There are two issues complicating this.
(1) As you mention, there are different levels of compression within the file
formats. This affects file size dramatically. How big is a 100K GIF converted to
JPG? Depends on what quality you need.
(2) More importantly: You probably wouldn't want to convert that GIF to JPG. If
it's line art, or a screen shot, or some other image without subtle gradations
of color, GIF works better; JPG would only make the lines blurry. If it's a
photograph, it shouldn't be in GIF format in the first place. Ideally you'd want
to get the source file and then save to JPG. (I don't know much about PNG,
except that it's an open-standard alternative to GIF.)

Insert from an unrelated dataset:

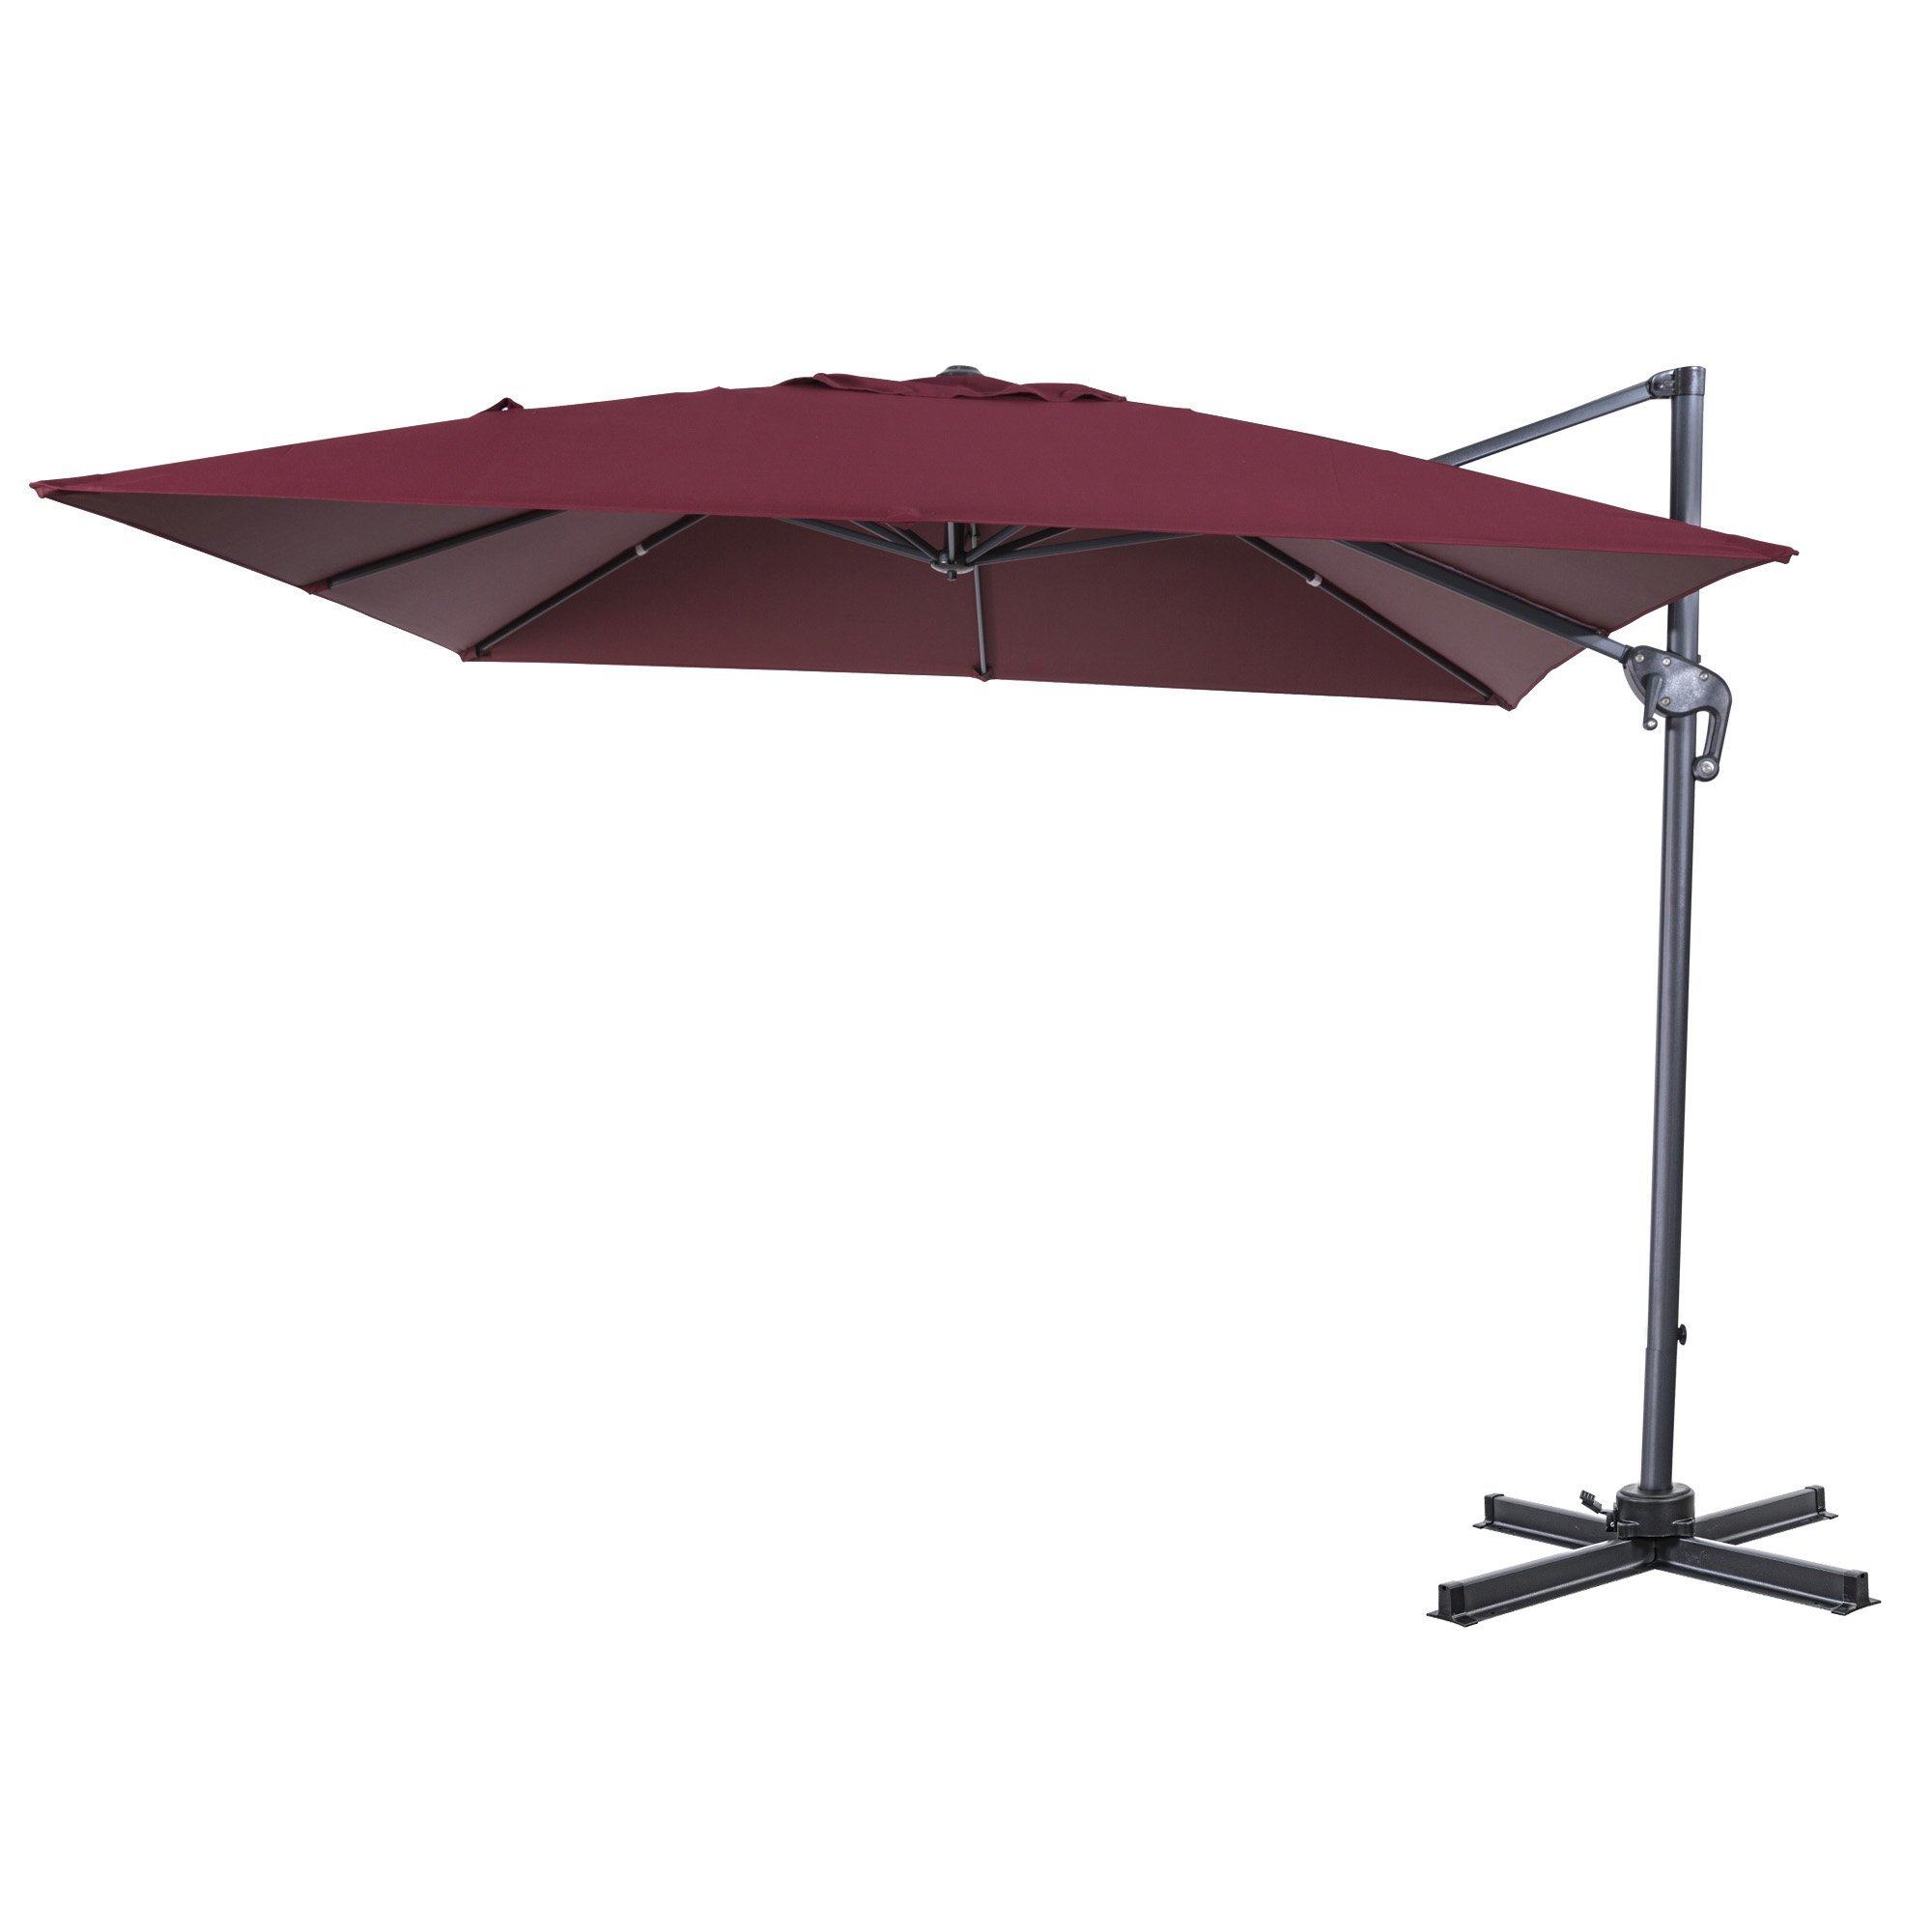 Elmhur Patio Offset 10' Cantilever Umbrella Within Preferred Booneville Cantilever Umbrellas (View 11 of 20)
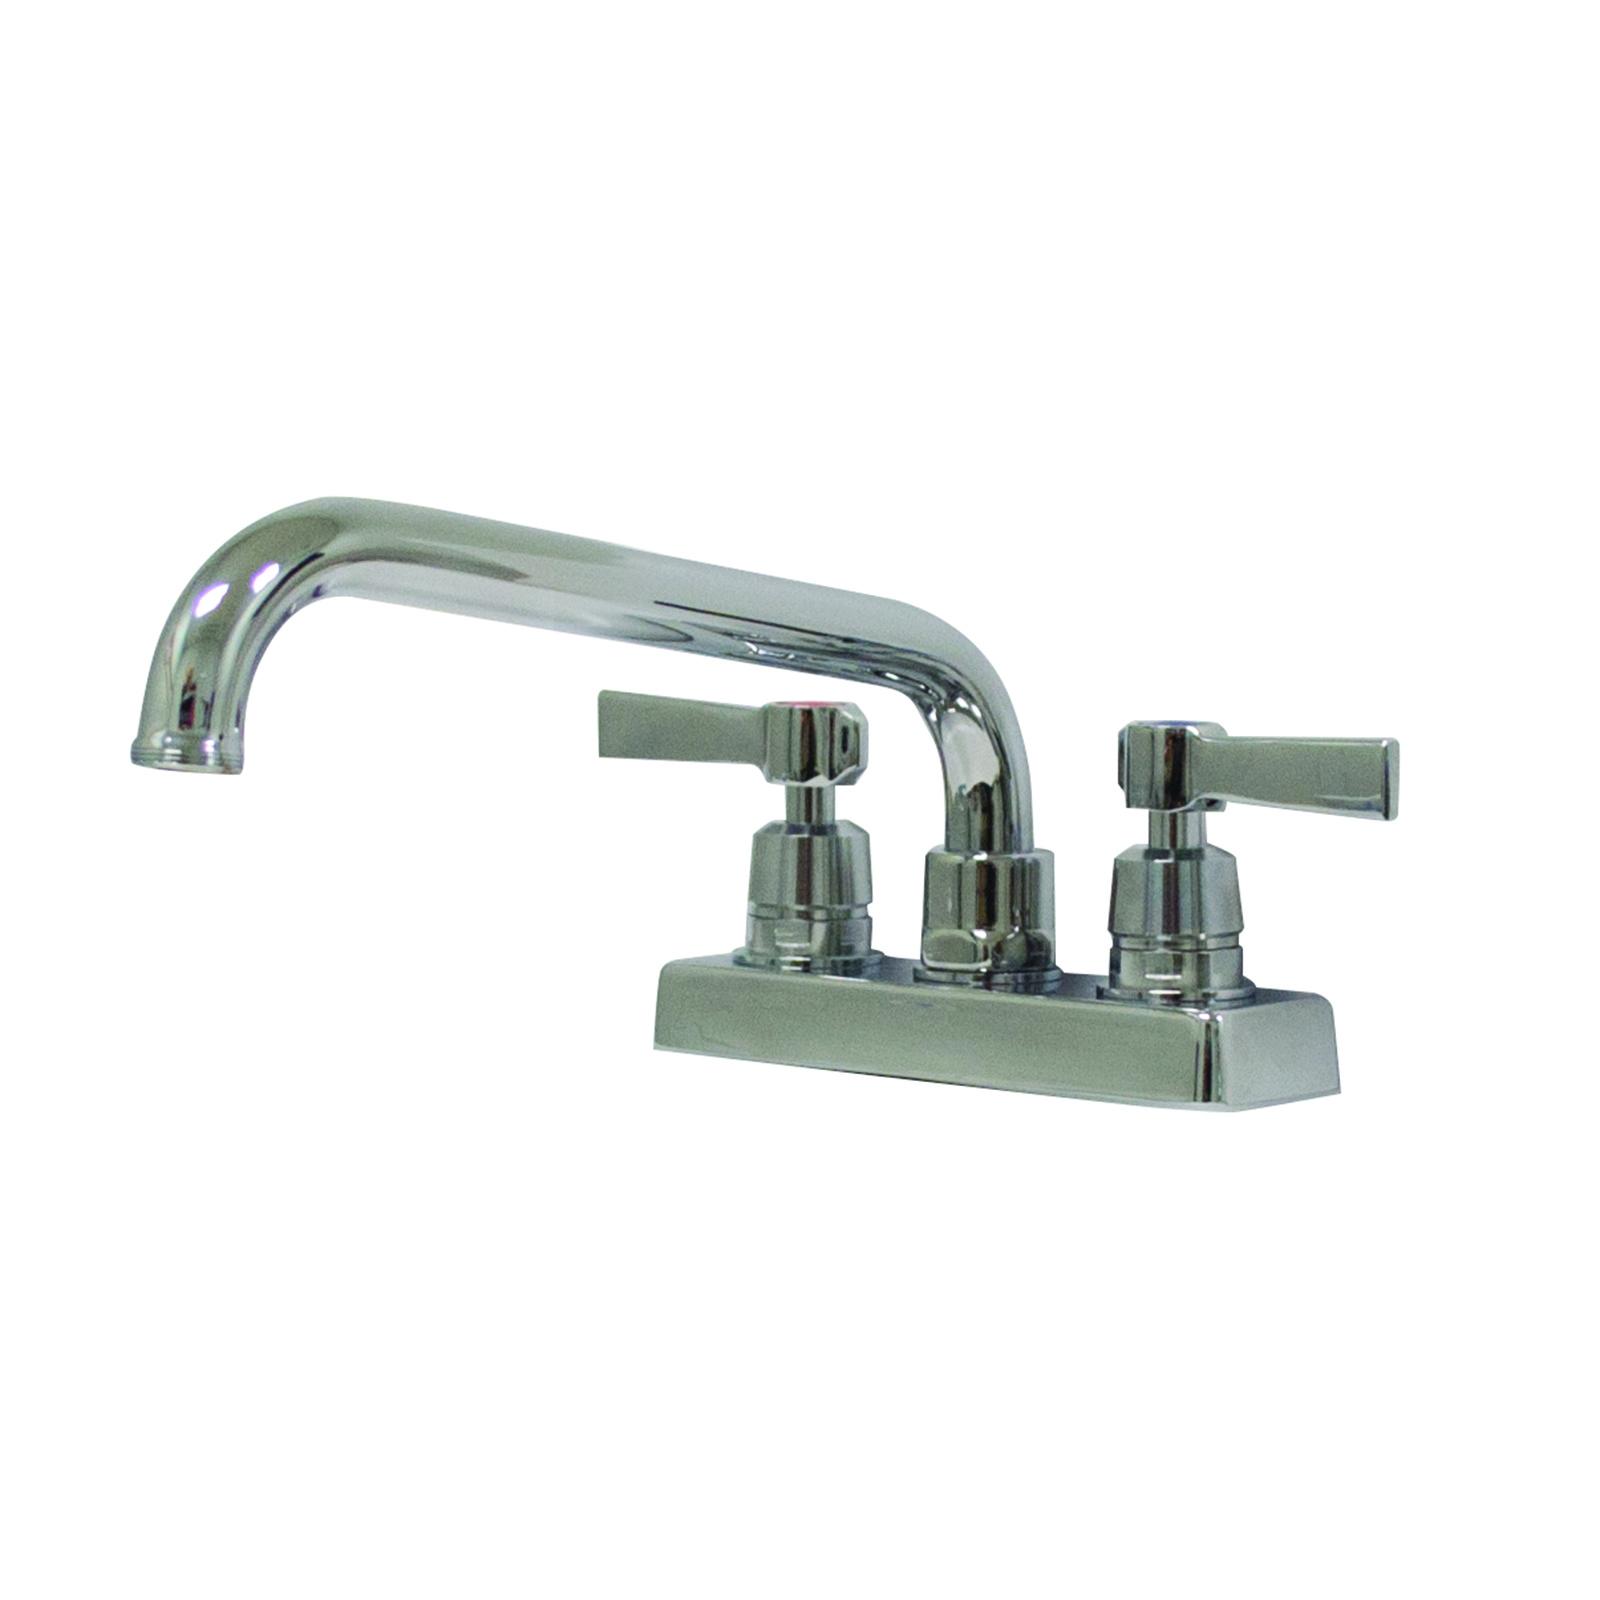 Advance Tabco K-50SP faucet, spout / nozzle

I can't think of a reason to save a GIF as a JPG or vice versa, except in cases
where it was saved in the wrong format to begin with. And in those cases,
converting wouldn't help. A screenshot saved to a low-quality JPG is toast, and
converting it to GIF won't bring back the clarity that has been lost. A
photograph saved to a low-quality (i.e., lower # of colors) GIF will be sort of
posterized; a 3-D object would look a bit like a topographical map. Saving that
to JPG would only blur it. (If you're working with higher-quality images, you
can get away with converting sometimes, but it's always preferable to work with
the uncompressed source image instead.)
You can't reassemble a potato from a puree and then make french fries out of it.
As an experiment, I took one of the Photoshop sample images (ducky.psd) and
saved in various formats. This won't tell you anything very useful, but here are
the file sizes:
Original: 711k
PNG: 321k (I suspect I could've reduced the file size if I had tweaked the
options when saving as PNG)
GIF: 256-color, 76k. 16-color <shudder>, 21k.
JPG: highest quality, 179k. Lowest quality, 17k.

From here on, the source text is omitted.